Kazuo Cleared of Fraud in the Philippines

The case dates back to 2018, when the Philippine Department of Justice recommended that Okada be prosecuted for three counts of fraud. Okada had acquired $3.15 millions in consultancy and salary fees “through mistake or fraud” during his tenure as CEO at TRLEI, the firm stated at the time.

Okada Manila’s previous operator stated that the payments were facilitated and authorized by Takahiro, the former chief operating office and president of the firm. This is contrary to what the company’s bylaws require.

On December 9 of last year, the Court of Appeals reversed a prior ruling of a Paranaque Regional Trial Court, according to local media outlet the Daily Tribune newspaper. In May 2019, the court decided that the evidence against Okada and Usui was valid. It charged them each with three counts of fraud and issued warrants for their arrests. That led to Okada losing his position with the company.

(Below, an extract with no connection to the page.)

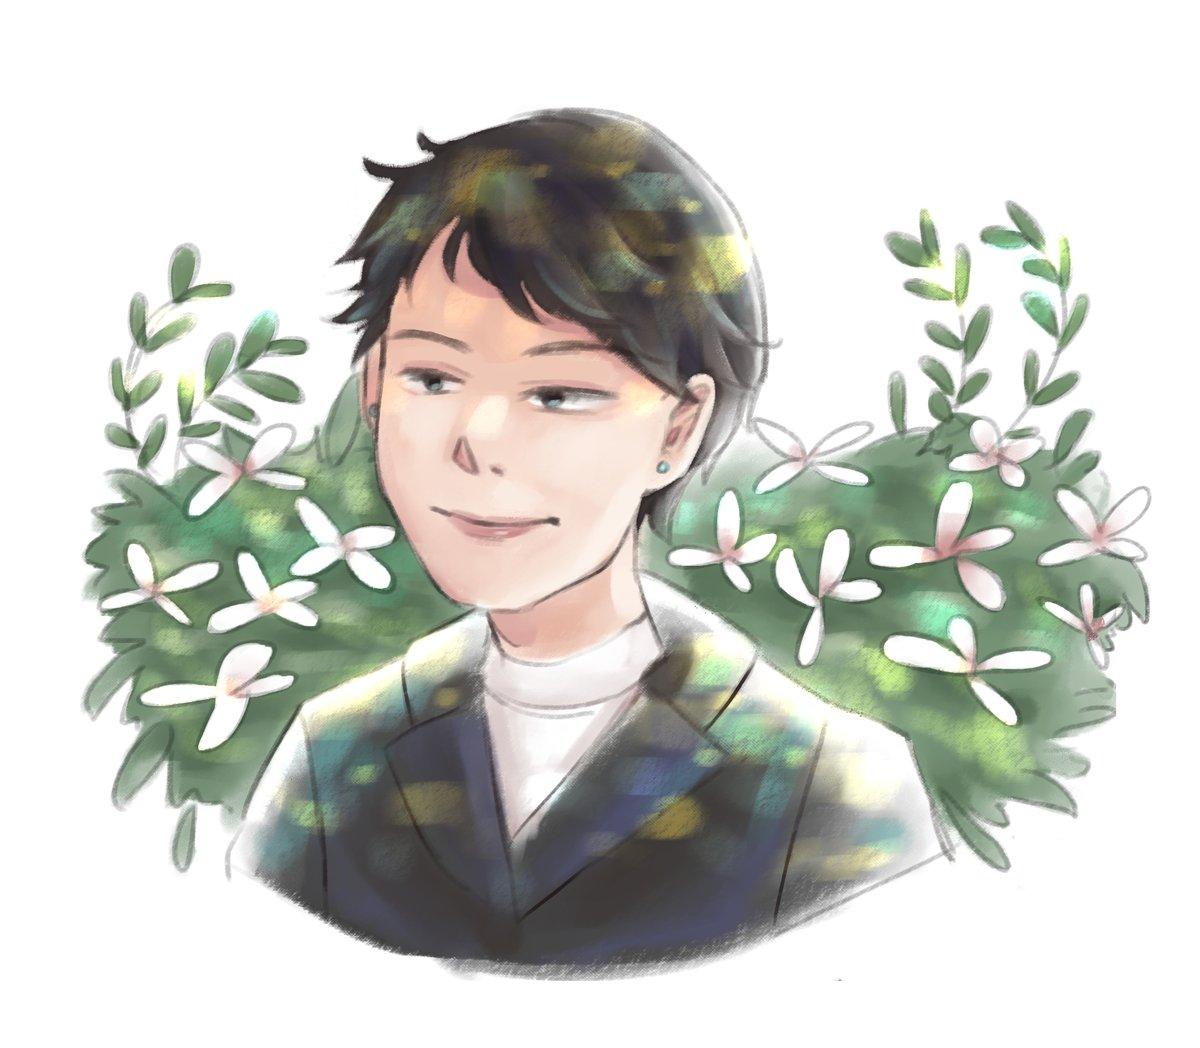 RT @BreadLvr69: Doodle  #disguisedtoast #disguisedtoastfanart https://t.co/bgkhqhvhhX
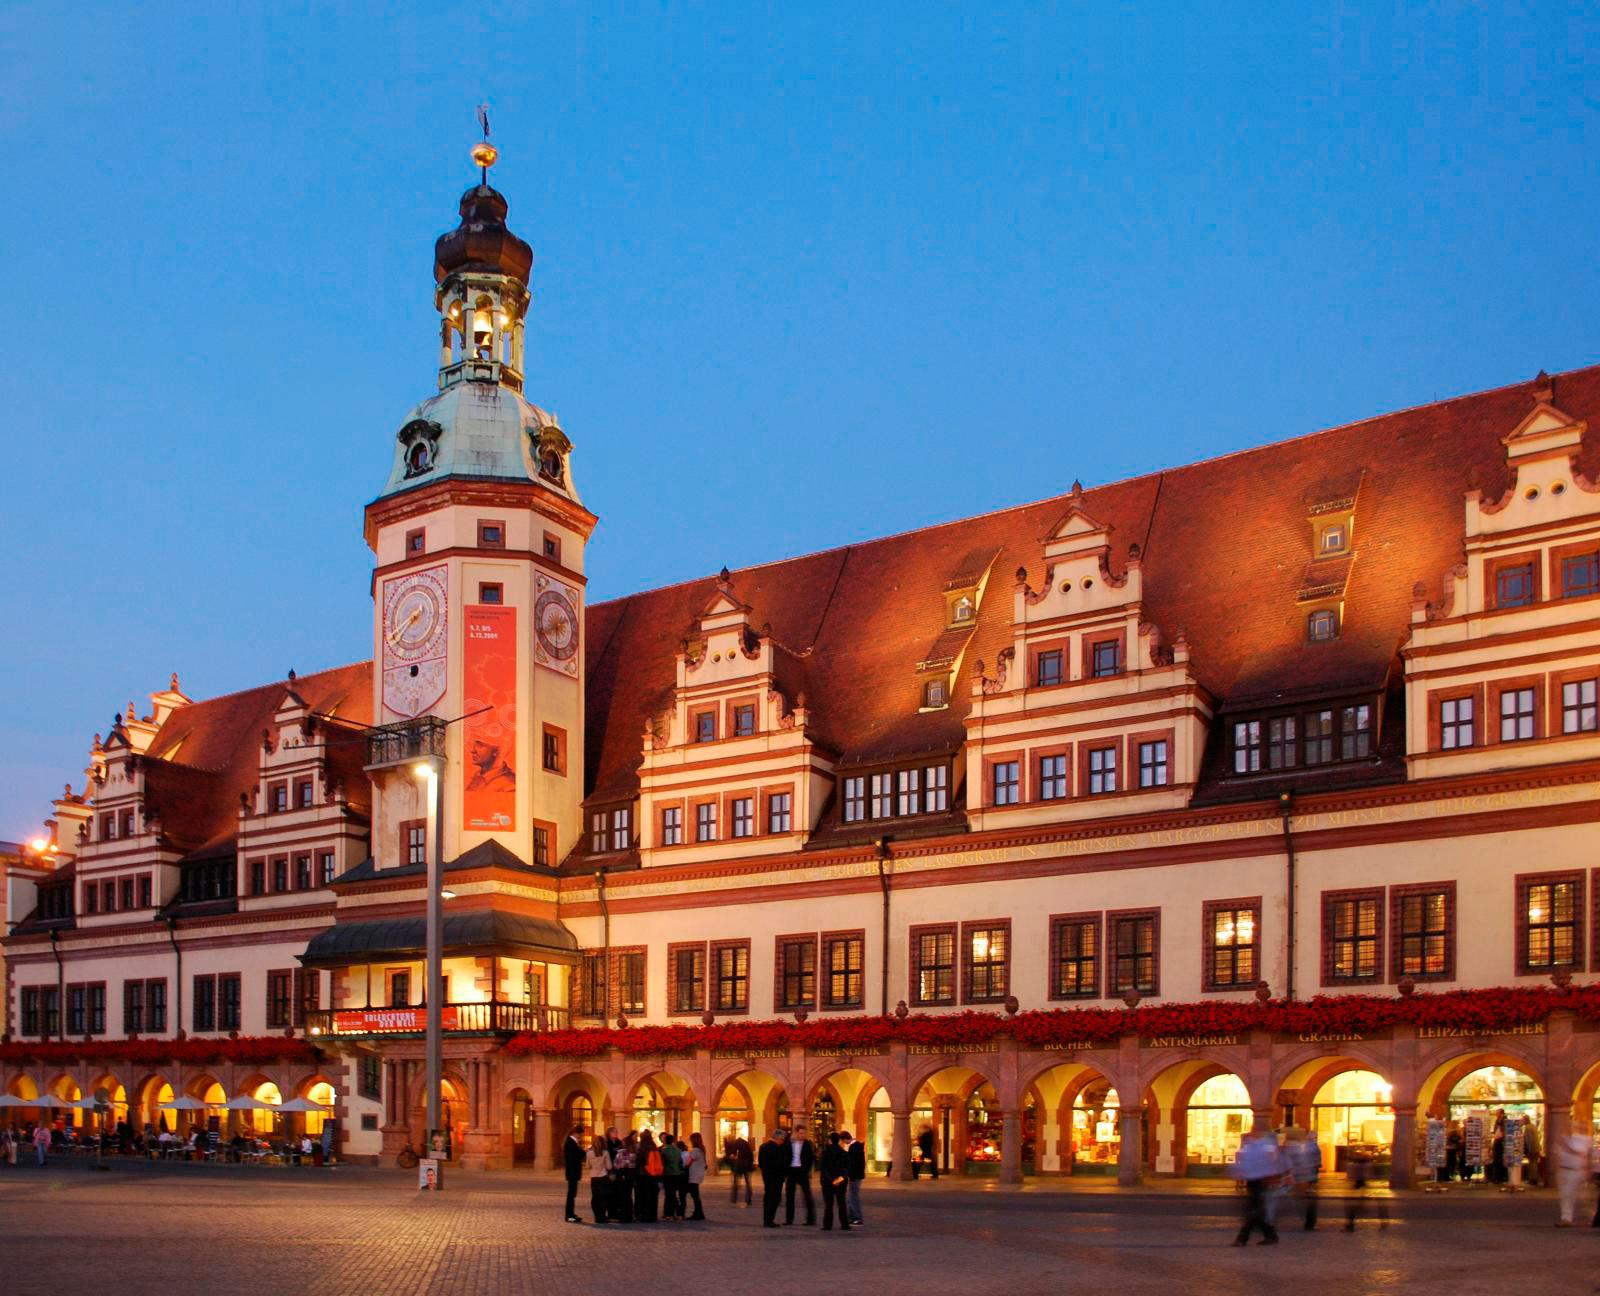 De mooiste steden in Saksen - Leipzig

Paranaque Regional Trial Court Oversteps its Authority

However, the Court of Appeals ruled against the earlier decision. It stated that the regional court committed “grave abuse of discretion in issuing warrants of arrest” against Okada and Usui with no probable cause.

In 2017, Okada, a member of Universal Entertainment’s board, was disqualified and then removed as chair of TRLEI. Okada Holdings Ltd. a Hong Kong private company which owns more than two-thirds of Universal Entertainment stock, also removed him.

As a result of the new court decision, Okada will likely fight his prior dismissals and could even claim financial damages.

While Okada may have found some relief with the Philippine court, he has a long way to go elsewhere. He is involved in another legal battle with Wynn Resorts, but is having money management issues. Bartlit Beck, a Chicago-based litigation company, wants a judge to stop Dentons global law firm from withdrawing its counsel for Okada as it seeks millions in legal fees.

Okada reportedly owes Beck over $63 million. This is a result of a legal dispute between his Universal Entertainment Corp. and Wynn Resorts. Beck initially sought $50 million from Okada in fees in the Wynn case, which saw the latter pay a $2.6-billion settlement.

Beck stated that it was unable to do much discovery on Okada’s assets in US courts, Hong Kong, and Japanese courts and that it could only collect $392,377 of outstanding fees. The discovery is necessary to determine how to target assets to cover the debt.

Dentons is accused of “further enabling [Okada’s] strategy of delay” by requesting the dismissal. A judge will determine Dentons’ request this week.